College of Computer Science and Technology, Qingdao University, Qingdao 266071, China.
Biomolecules. 2023 Mar 9;13(3):503. doi: 10.3390/biom13030503.
Molecular property prediction is an important direction in computer-aided drug design. In this paper, to fully explore the information from SMILE stings and graph data of molecules, we combined the SALSTM and GAT methods in order to mine the feature information of molecules from sequences and graphs. The embedding atoms are obtained through SALSTM, firstly using SMILES strings, and they are combined with graph node features and fed into the GAT to extract the global molecular representation. At the same time, data augmentation is added to enlarge the training dataset and improve the performance of the model. Finally, to enhance the interpretability of the model, the attention layers of both models are fused together to highlight the key atoms. Comparison with other graph-based and sequence-based methods, for multiple datasets, shows that our method can achieve high prediction accuracy with good generalizability.

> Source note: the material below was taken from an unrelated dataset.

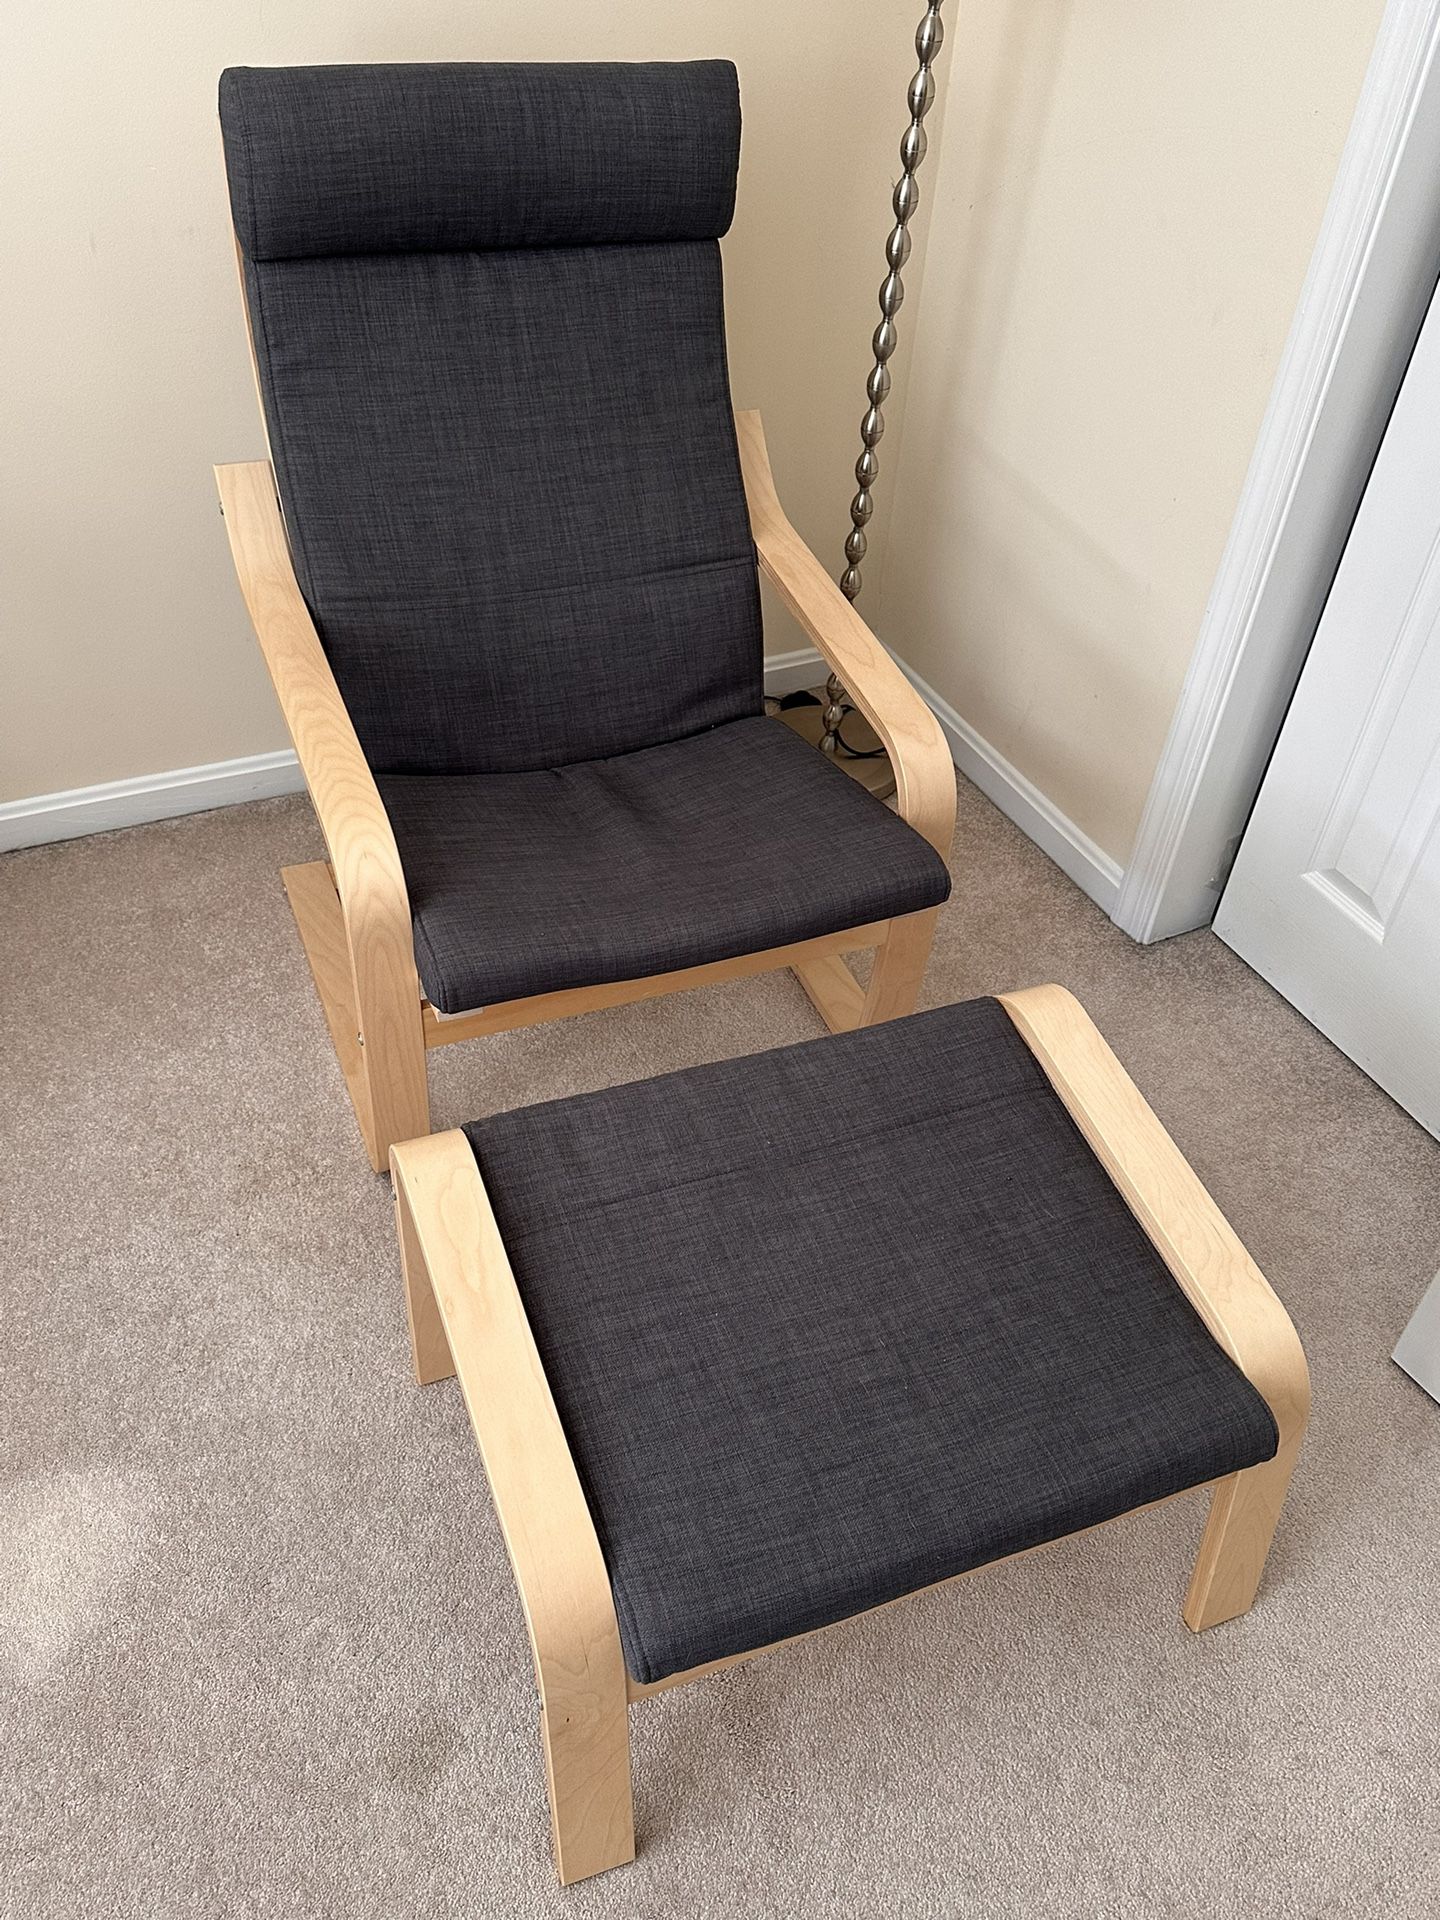 IKEA Arm Chair And Ottoman

分子性质预测是计算机辅助药物设计中的一个重要方向。在本文中,为了充分挖掘 SMILE 字符串和分子图数据中的信息,我们结合了 SALSTM 和 GAT 方法,以便从序列和图中挖掘分子的特征信息。首先通过 SALSTM 使用 SMILES 字符串获取嵌入原子,然后将它们与图节点特征结合起来,并将其输入到 GAT 中以提取全局分子表示。同时,添加数据增强来扩大训练数据集,提高模型的性能。最后,为了增强模型的可解释性,将两个模型的注意力层融合在一起,突出关键原子。与其他基于图和基于序列的方法相比,针对多个数据集的实验结果表明,我们的方法可以在具有良好泛化能力的情况下实现高精度预测。